Task instructions: Only the lines from the one containing "US singer Billy" through the final line of the material below should be output, exactly as they stand.

Dataset extract:
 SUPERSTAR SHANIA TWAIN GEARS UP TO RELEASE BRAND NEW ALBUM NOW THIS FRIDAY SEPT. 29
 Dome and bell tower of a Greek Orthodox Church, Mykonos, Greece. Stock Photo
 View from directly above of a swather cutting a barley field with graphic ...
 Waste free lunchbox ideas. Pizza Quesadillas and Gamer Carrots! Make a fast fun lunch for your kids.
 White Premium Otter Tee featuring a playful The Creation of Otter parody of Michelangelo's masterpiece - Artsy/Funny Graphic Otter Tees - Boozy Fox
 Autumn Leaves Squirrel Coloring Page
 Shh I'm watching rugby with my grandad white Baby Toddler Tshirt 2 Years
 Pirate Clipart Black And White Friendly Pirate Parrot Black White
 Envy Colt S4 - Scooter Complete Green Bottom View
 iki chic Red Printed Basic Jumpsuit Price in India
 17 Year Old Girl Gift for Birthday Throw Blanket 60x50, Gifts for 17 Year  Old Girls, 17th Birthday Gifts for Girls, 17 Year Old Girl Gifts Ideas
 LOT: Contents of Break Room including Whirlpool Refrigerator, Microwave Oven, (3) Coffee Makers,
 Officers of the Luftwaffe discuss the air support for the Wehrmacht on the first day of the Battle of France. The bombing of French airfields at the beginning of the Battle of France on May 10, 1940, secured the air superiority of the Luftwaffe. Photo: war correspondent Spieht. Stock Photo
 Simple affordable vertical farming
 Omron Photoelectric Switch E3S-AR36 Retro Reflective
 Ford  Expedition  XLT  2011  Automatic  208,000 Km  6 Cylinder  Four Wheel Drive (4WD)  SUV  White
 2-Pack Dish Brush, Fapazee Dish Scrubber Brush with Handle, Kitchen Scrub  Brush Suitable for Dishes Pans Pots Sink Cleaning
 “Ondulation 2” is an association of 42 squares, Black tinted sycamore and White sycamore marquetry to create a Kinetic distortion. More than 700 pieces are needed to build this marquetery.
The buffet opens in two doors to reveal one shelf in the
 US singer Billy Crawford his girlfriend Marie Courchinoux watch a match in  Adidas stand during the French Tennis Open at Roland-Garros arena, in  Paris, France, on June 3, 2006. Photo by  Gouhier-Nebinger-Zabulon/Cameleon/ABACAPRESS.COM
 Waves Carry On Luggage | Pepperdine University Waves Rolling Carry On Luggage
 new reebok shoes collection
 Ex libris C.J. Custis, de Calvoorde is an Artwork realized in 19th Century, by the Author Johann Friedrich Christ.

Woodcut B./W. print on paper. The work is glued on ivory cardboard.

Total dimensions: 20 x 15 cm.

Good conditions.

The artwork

Task solution:
 US singer Billy Crawford his girlfriend Marie Courchinoux watch a match in  Adidas stand during the French Tennis Open at Roland-Garros arena, in  Paris, France, on June 3, 2006. Photo by  Gouhier-Nebinger-Zabulon/Cameleon/ABACAPRESS.COM
 Waves Carry On Luggage | Pepperdine University Waves Rolling Carry On Luggage
 new reebok shoes collection
 Ex libris C.J. Custis, de Calvoorde is an Artwork realized in 19th Century, by the Author Johann Friedrich Christ.

Woodcut B./W. print on paper. The work is glued on ivory cardboard.

Total dimensions: 20 x 15 cm.

Good conditions.

The artwork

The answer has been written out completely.